Context
Commuters navigating unfamiliar or high-incident routes lack localized safety advisories, structured incident reporting, and verified safe-pathway routing across municipal transit corridors.
What I built
- Engineered Django REST Framework spatial and route-planning endpoints mapping localized safety zones, incident hot-spots, and commuter alert corridors.
- Implemented relational schemas in PostgreSQL to store geocoded waypoint coordinates, hazard classifications, and time-stamped incident logs.
- Containerized backend API services and database configurations with Docker Compose for reproducible local development and staging environments.
Technical approach
- Client map and pathing requests from React communicate with Django REST viewsets designed around coordinate boundary queries.

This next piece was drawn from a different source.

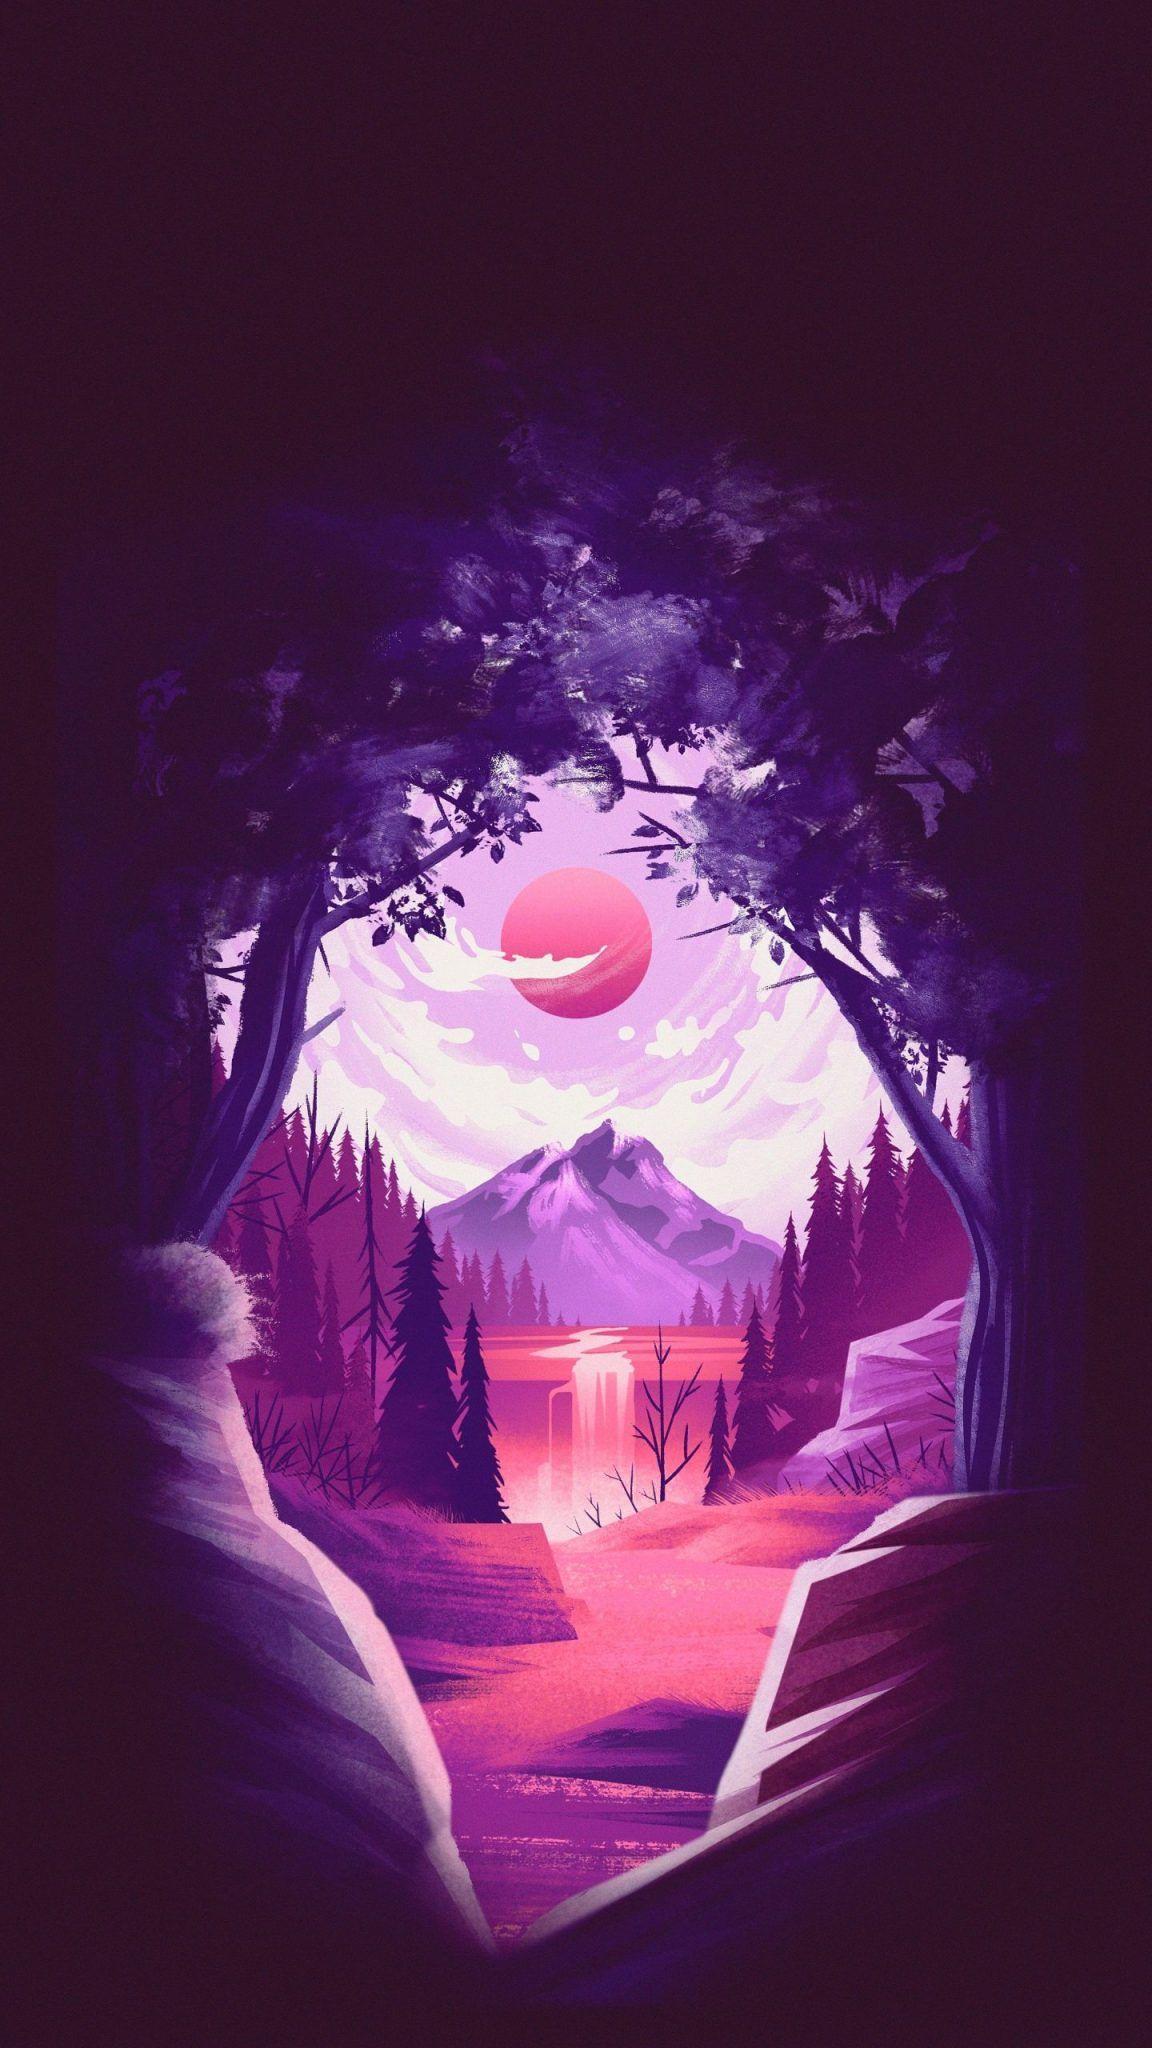 Amoled Archives Traxzee Minimal Wallpaper Iphone Wallpaper Landscape Anime Scenery Wallpaper

- Waypoints and danger-flagged sectors are indexed with relational coordinates and spatial bounding boxes to prevent full-table scans during route evaluation.
- Structured API validation contracts verify incoming community incident reports (timestamps, category codes, latitude/longitude bounds) before database persistence.
- Docker Compose orchestrates the Python web service, PostgreSQL database container, and network isolation boundaries.
Security and verification
- Incident submission endpoints enforce payload sanitization, coordinate boundary validation, and rate limiting to prevent automated coordinate spoofing.
- Django test cases validate CRUD endpoints, coordinate format parsers, and permission checks for administrative incident verification.
- Environment configurations isolate database secrets and API credentials across container boundaries.
Current limits
- Route calculations currently run on bounding-box approximations rather than a dedicated external routing graph engine (such as pgRouting or OSRM).
- Incidents rely on synthetic community verification data; real-time transit telemetry integration is planned for future iterations.